EXERCISE INSTRUCTIONS: Your answer should be the exact lines of the data below from the one containing "Fresh bananas on a table photo" through the one containing "#NVJOB Nicholas Veselov"; please include nothing else.

PROVIDED DATA:
━━━━━━━━━━━━━━━━
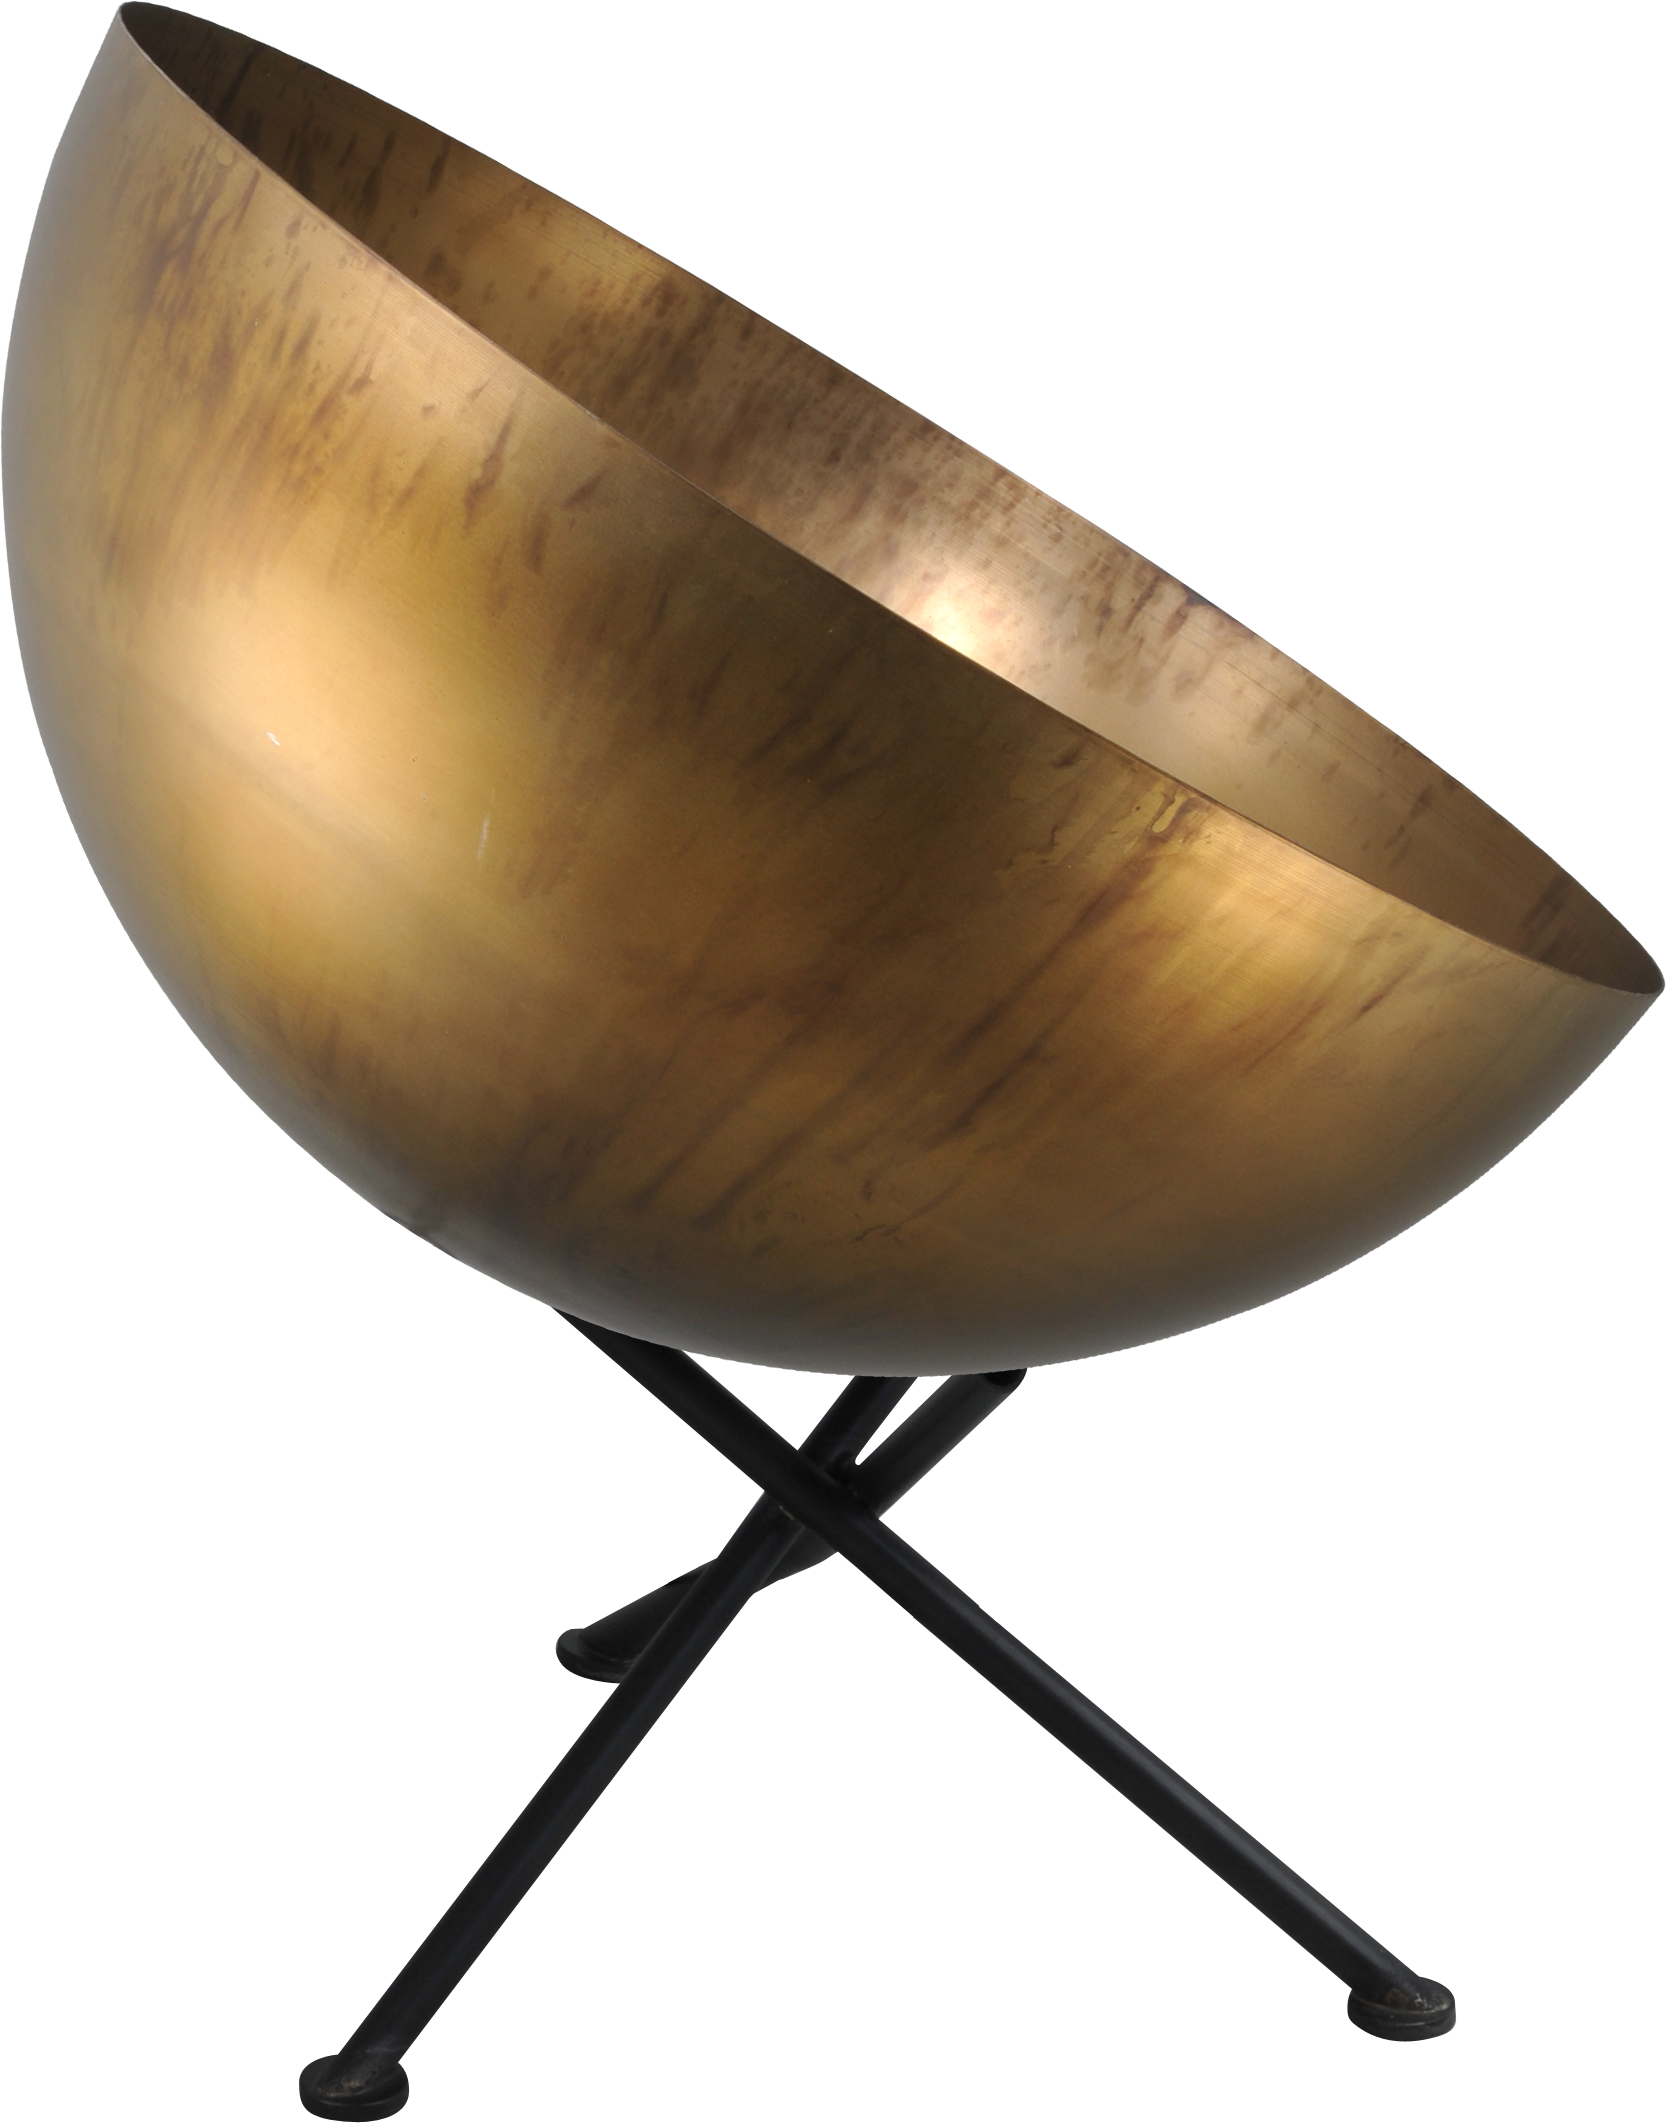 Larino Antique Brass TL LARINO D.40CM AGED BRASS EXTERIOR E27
━━━━━━━━━━━━━━━━
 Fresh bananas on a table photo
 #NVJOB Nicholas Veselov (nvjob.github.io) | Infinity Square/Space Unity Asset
━━━━━━━━━━━━━━━━
RESULT OF THIS EXERCISE:
 Fresh bananas on a table photo
 #NVJOB Nicholas Veselov (nvjob.github.io) | Infinity Square/Space Unity Asset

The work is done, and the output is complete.